Ernest Dichter, padre de la investi­gación motivacional, preguntado en alguna oportunidad por la mejor ma­nera de hacer una buena propaganda para la Iglesia, recordó "que la descripción de elevados ideales está siempre por encima de la posibilidad de la masa", "el cielo es maravilloso pero para la mayoría de nosotros está demasiado lejos". Este hecho debe llamar la atención sobre la necesidad de no predicar cosas que por su altura y su majestad estén más allá de nuestras manitos. Se debe adecuar el mensaje de Cristo a la mentalidad de ese pobre hombre reducido por la publicidad a ser un manojo de de­seos.

Pero volviendo al negocio de la Iglesia, uno de los organismos técni­cos encargados del asunto averiguó que un dólar invertido en la Iglesia Católica de los EE.UU., tenía la mis­ma rentabilidad que uno invertido en la General Motors. Esto explica que sean los administradores, los sociólo­gos y los psicólogos y no los teólogos los que dirigen los asuntos de la Igle­sia y le imponen sus criterios. Fulton J. Sheen, que había alcanzado una cierta notoriedad televisiva, habría dicho en una oportunidad: "Por el amor de Cristo, dejen de administrar y sean buenos pastores".

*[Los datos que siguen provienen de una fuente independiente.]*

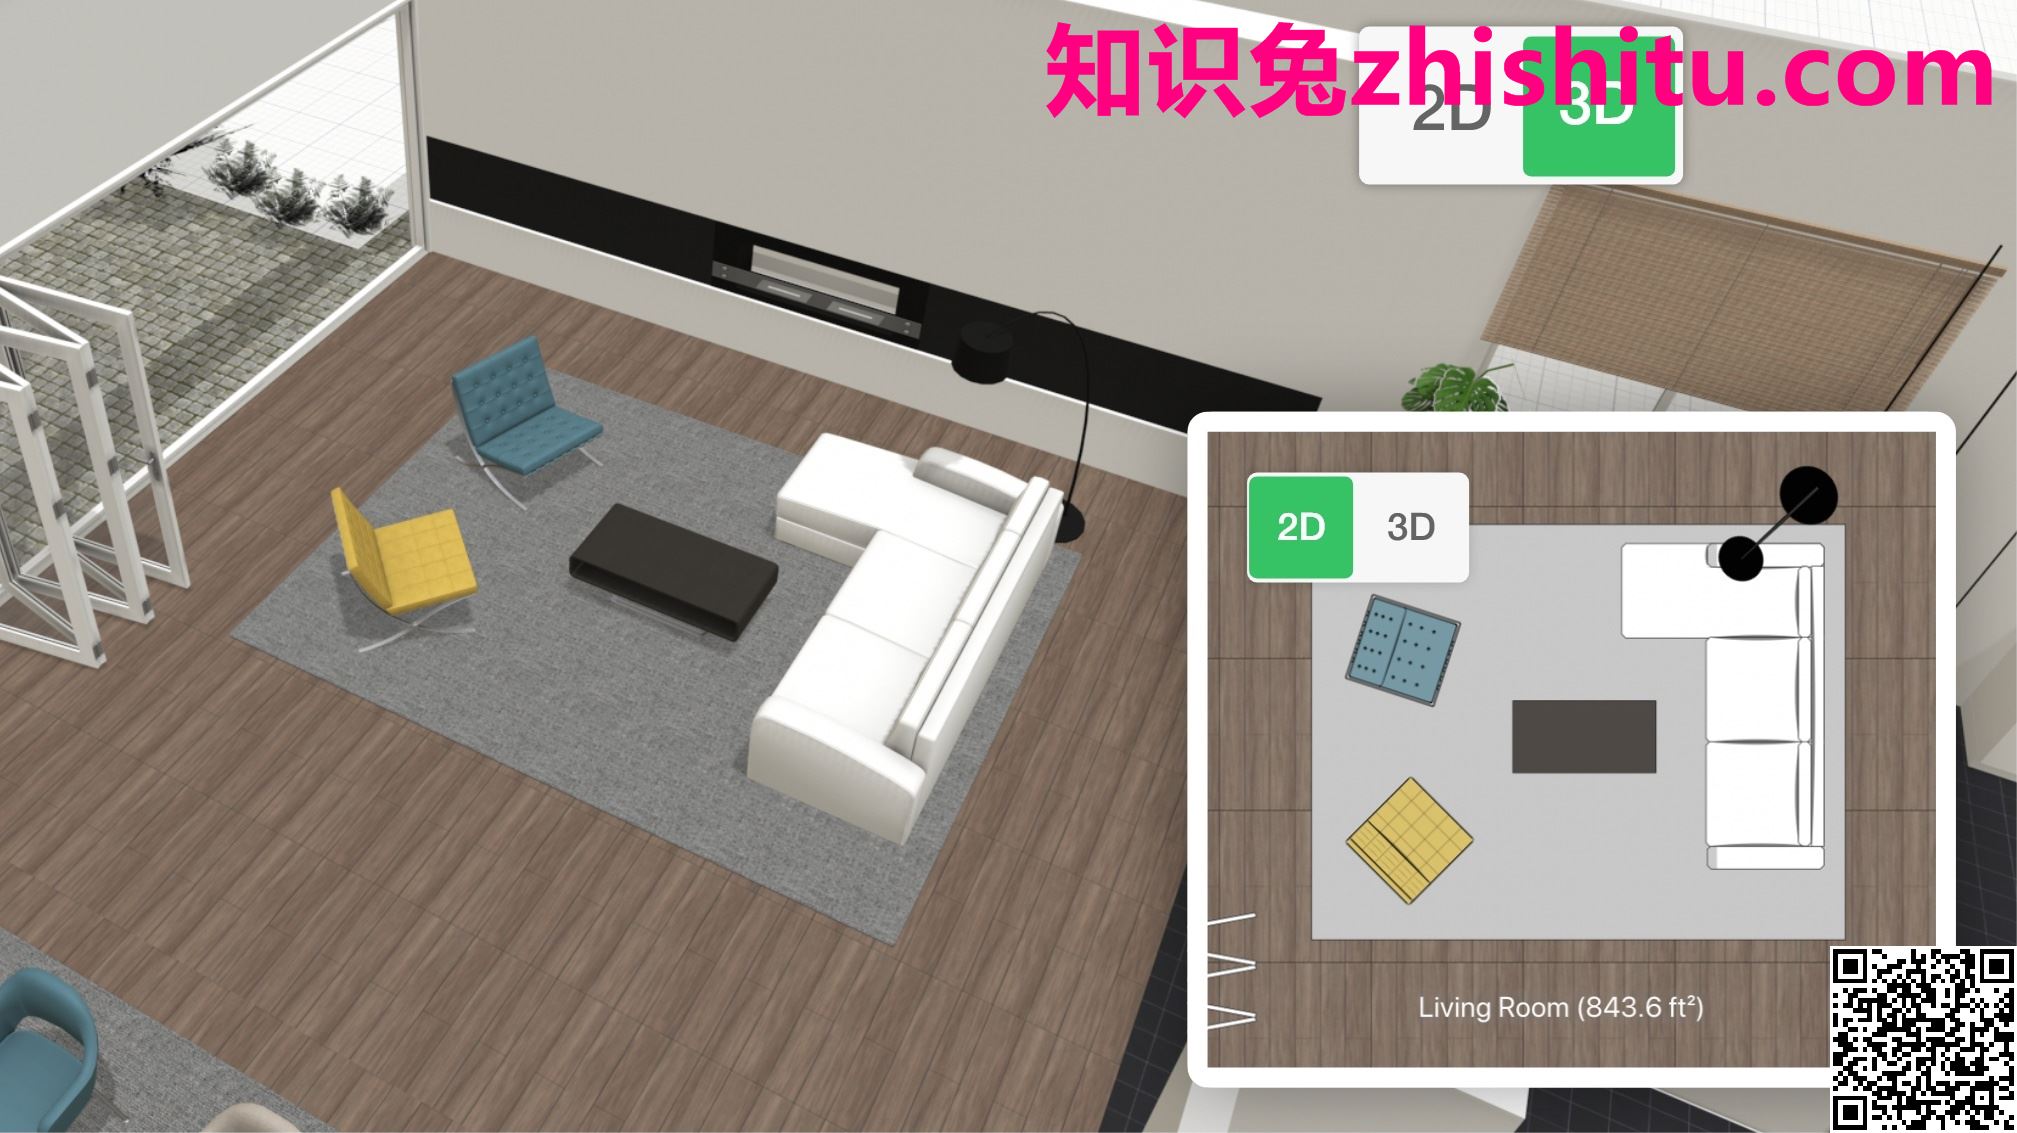 3D Room Planner Online | Free 3D Room Design – Planner 5D

Esto sucedió poco después de la úl­tima gran guerra y no cayó mal en las orejas de un público que todavía sentía el escozor de la muerte. Unos años más tarde Fulton J. Sheen había perdido su audiencia y la Iglesia lo abandonaba junto a los viejos misa­les, en algún depósito de trastos.

Francisco ha sido el primer Papa en ser recibido en el Congreso de los EE.UU. Allí se ha sentido como en su casa, pues es también, como buen modernista,  un producto del Americanismo.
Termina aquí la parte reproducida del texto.